许折枝顿时面颊发烫,讪讪地收回了脚步,以及袖中下意识跟着向前伸出去的手。

他重重“啧”了一声,有些嫌恶自己。

又心虚地来回扫视一周,想确定无人看见方才那不尴不尬的半步。

一旁的伙计见他又是啧声,又是扭头看,想必是二掌柜对他们不满意,盯着他们干活呢。

于是忙散了去,倒茶的倒茶、吆喝的吆喝,旁边桌上的客人眼看着伙计把自己七分满的茶水添到八分满,不明所以地歪了歪头。

眨眼的功夫,风潇已付好了轿夫钱,背着手走进了酒楼。

照例是随机挑了桌客人,上前客客气气地问吃得怎么样、可有什么不满意的。常来酒楼的客人都知她是老板,问到哪桌多半会送点小菜的,于是也很高兴地回答。

“都挺好的,”那客人笑眯眯地对着风潇点头,“你们这里的伙计也最周到,我这茶水刚喝下去两口,便又给我斟满了。”
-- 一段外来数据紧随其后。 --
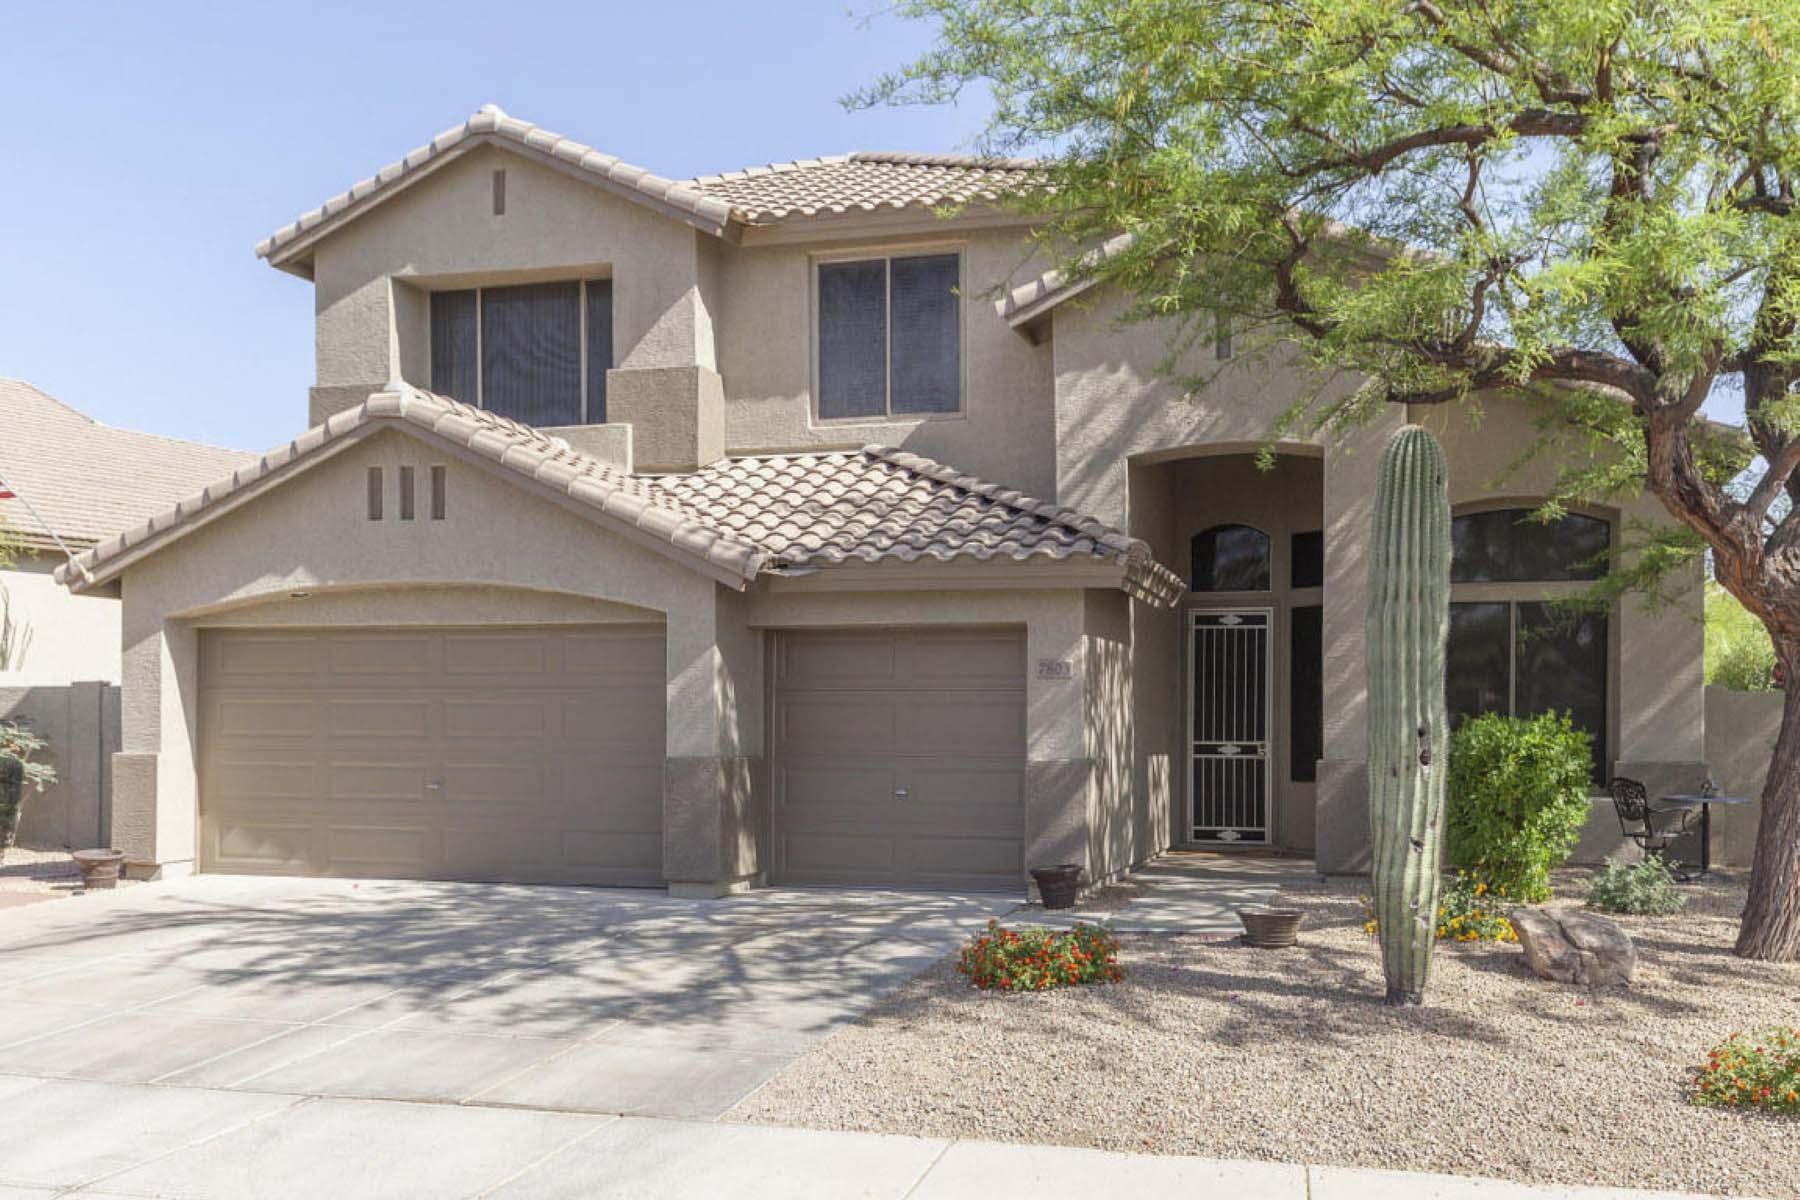 Nhà ở một gia đình vì Bán tại Grayhawk four bedroom home. 7803 E PHANTOM WAY Scottsdale, Arizona 85255 Hoa Kỳ

“满意就好,”风潇喜笑颜开,“耽误您的时间听我唠叨,给您送一道小菜。”

又招呼了客人慢慢吃,才继续往里走,打算上二楼看看。

一路上已在心里忖度:她这里的伙计怎么如此敬业?难道要把这里开成古代海底捞不成?

心里想着这些,便没太注意脚下的路,上楼梯时一个不小心,便踉跄了一下。

其实不会有什么事,楼梯上都是有把手的,她下意识地就伸手去扶,牢牢稳住了身形。

同一瞬间,斜地里却冲出一道人影,直直朝风潇而来,伸手就要扶她。

反倒把她吓一跳,本已站稳的身子又晃了晃。

才看清眼前来人,正是昨日刚见过的许折枝。

许折枝的手臂还保持在伸出来的姿势,手心朝上,像要去抓住什么东西。

他是从两三丈距离之外,三步并作两步地冲来的。

风潇从惊吓中回神,疑惑地看着他。

许折枝亦从下意识的举动中回神,慌忙把手臂伸了回来,而后若无其事地直挺挺站在原地,好像方才什么也不曾发生。

他眼神有些不自在地往别处瞟,不愿同风潇对上。

风潇却不放过他,佯装沉思片刻,接着恍然大悟:“你这是打算来扶我呢?”

许折枝眼前一黑,这一关果然不能轻易过去。

只好硬着头皮接:“看你要摔倒了,搭把手。”

风潇扑哧一笑:“你还当是昨日呢?我今天又没喝酒,总不至于连个楼梯都上不去。”

许折枝闻言更是羞赧,几乎面红耳赤。

这道理还用她说吗!他能不知道这次不用扶?

只是昨日搀扶太多次,形成了下意识的本能反应罢了。

“知道,”他冷哼一声,“你自己上去吧。”

“不然呢?”风潇奇怪地看着他,而后好脾气不计较地摇摇头,自顾自往楼上去了。

徒留许折枝在原地,只觉恨不得找个地缝钻进去。

这破手破脚,怎么就这样不听话?还扶人家扶上瘾了是吧?

他有些懊恼地拿左手轻轻拍了拍右手,以示警戒。

又无意识地抬起头,望着风潇一步一步向上走的背影。

——总觉得她身边空落落的。

都已经是这么大个酒楼的老板了,都知道要坐轿子来了,住那么小个宅子就算了,府里没个正经下人就算了,出门都不用人扶着的吗?

身份在哪里?尊贵在哪里?体面在哪里?

他这种跟着余止见惯了大场面大富贵的,果真看不惯这些小家子气做派。许折枝愤愤地安慰自己。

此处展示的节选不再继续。